El jueves por la mañana, los miembros demócratas del Comité Selecto Permanente de Inteligencia de la Cámara de Representantes enviaron una carta al director interino de inteligencia nacional, Bill Pulte, junto con los líderes del FBI, la Agencia Central de Inteligencia y la Agencia de Seguridad Nacional, advirtiéndoles que no permitieran que Trump "utilizara la inteligencia como arma para respaldar afirmaciones falsas sobre la seguridad electoral".
Dos de las tres principales cadenas de televisión estadounidenses y CNN decidieron no emitir el discurso en horario de máxima audiencia en sus plataformas principales, apartándose de una práctica que normalmente se reserva para discursos importantes sobre temas de relevancia nacional.

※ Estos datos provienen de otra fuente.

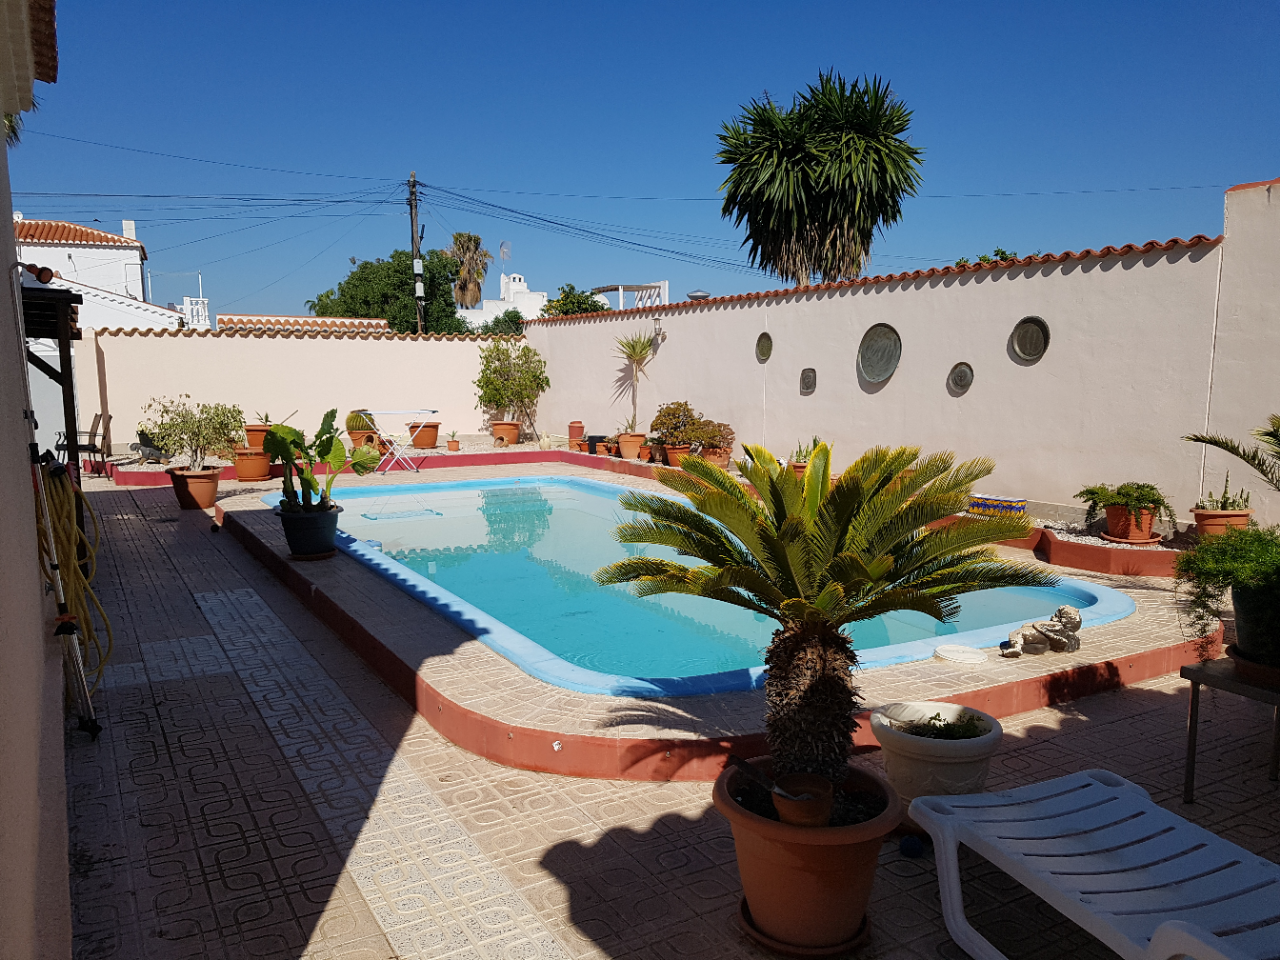 SPAIN COSTA BLANCA Torrevieja Torretta Florida, Semi-detached Villa with private pool on 401 sqm plot

Desde que regresó al cargo en enero de 2025, Trump ha intentado ampliar el poder federal sobre la administración de las elecciones, que legalmente reside en los gobiernos estatales según la Constitución de los Estados Unidos.
En los últimos meses, también ha presionado a los republicanos del Senado para que impulsen un proyecto de ley, la Ley Save America, que exigiría una identificación con foto para votar y una prueba de ciudadanía estadounidense para registrarse, además de obligar a los estados a compartir la información de registro de votantes con el gobierno federal. Los demócratas y los defensores del derecho al voto afirman que el fraude electoral es extremadamente raro y argumentan que la legislación suprimiría votos legítimos.
Algunos líderes republicanos han instado a Trump a centrarse en los temas que más importan a los estadounidenses, incluido el alto costo de la vida, en lugar de centrarse en las elecciones de 2020.
"No sé qué va a decir", declaró el líder de la mayoría del Senado, John Thune, al ser preguntado el miércoles sobre si aconsejaría a Trump que evitara hablar de las elecciones de 2020. "Lo único que puedo decirles es que estamos centrados en las elecciones de 2026, al menos yo lo estoy, y creo que la mayoría de mis colegas también".
Los republicanos se enfrentan a dificultades políticas a medida que se acercan las elecciones de mitad de mandato, con el índice de aprobación de Trump por debajo de lo esperado y los votantes profundamente frustrados por la guerra con Irán y los consiguientes altos precios de la energía.
Los demócratas solo necesitan arrebatar tres escaños a los republicanos para obtener la mayoría en la Cámara de Representantes de Estados Unidos. Sin embargo, se enfrentan a una ardua tarea para conseguir la mayoría en el Senado, con elecciones cruciales que se están desarrollando en estados de tendencia republicana.
Los demócratas se están preparando para que la Casa Blanca intente manipular las elecciones de noviembre, dijo el líder de la minoría demócrata en el Senado, Chuck Schumer, a los periodistas el miércoles.
"Saben que no pueden ganar las elecciones limpiamente", dijo. "Así que no descartamos que intenten todo lo que esté a su alcance".